2. The sheet pick-up device of an automatic document feeder according to claim 1 wherein said clutch gear set further comprises a transmission gear, which is disposed on said position-changing plate, and engaged with said driving gear and said first switching gear.

3. The sheet pick-up device of an automatic document feeder according to claim 1 wherein said stopper is perpendicularly disposed on a stopper linking rod, and said linking assembly comprises:

a cam disposed on said rotary shaft;

a swinging arm disposed on said power input shaft, and swung in response to a rotary motion of said cam; and

a repositioning structure comprising:

a rotating rod;

a poking part perpendicular to said rotating rod, and contacted with said swinging arm;

a torsion spring sheathed around said rotating rod, and contacted with said poking part for exerting a torsion force on said poking part;

a first linking element connected to an end of said rotating rod; and

a second linking element perpendicular to said stopper linking rod and contacted with said first linking element.

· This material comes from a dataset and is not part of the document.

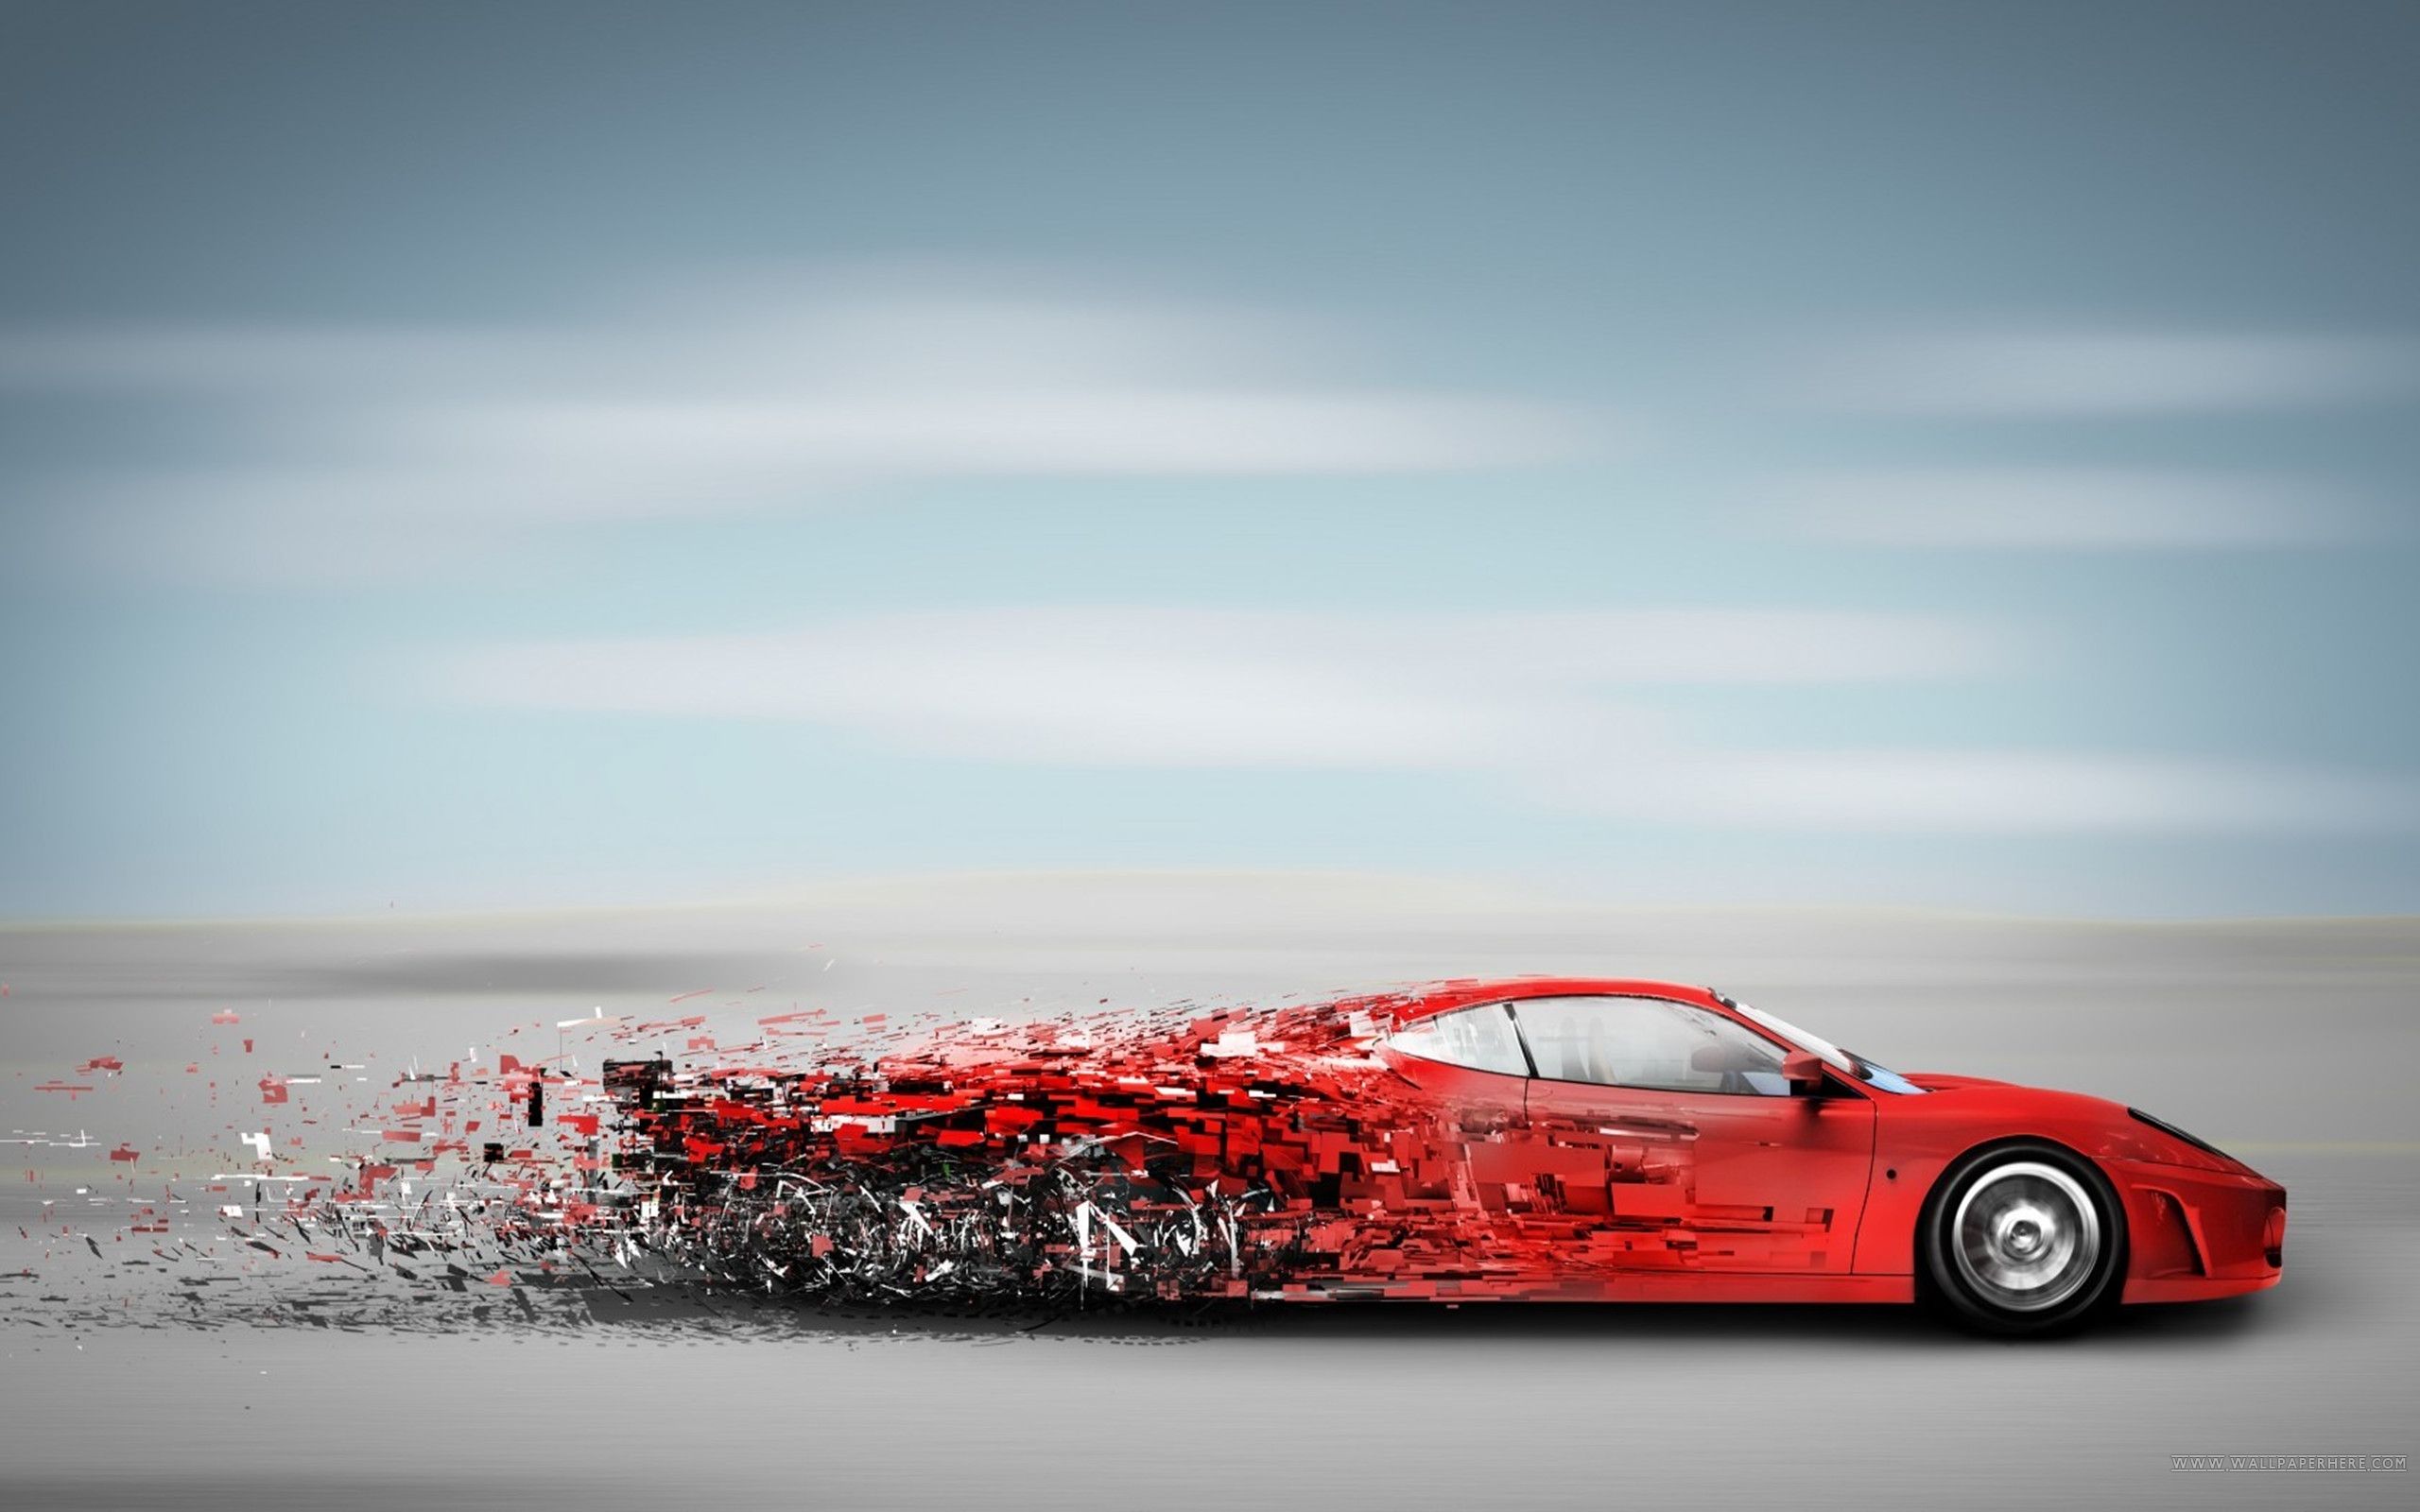 عکس کامپیوتری زیبا  از ماشین قرمز با کیفیت فوق العاده

4. The sheet pick-up device of an automatic document feeder according to claim 3 wherein said rotary shaft is parallel with said power input shaft.

5. The sheet pick-up device of an automatic document feeder according to claim 3 wherein said notched gear, said rotary shaft and said cam are integrally formed.

6. The sheet pick-up device of an automatic document feeder according to claim 3 wherein said first linking element comprises a hollow part and a position-limiting structure, and said second linking element is penetrated through said hollow part, and contacted with said position-limiting structure of said first linking element.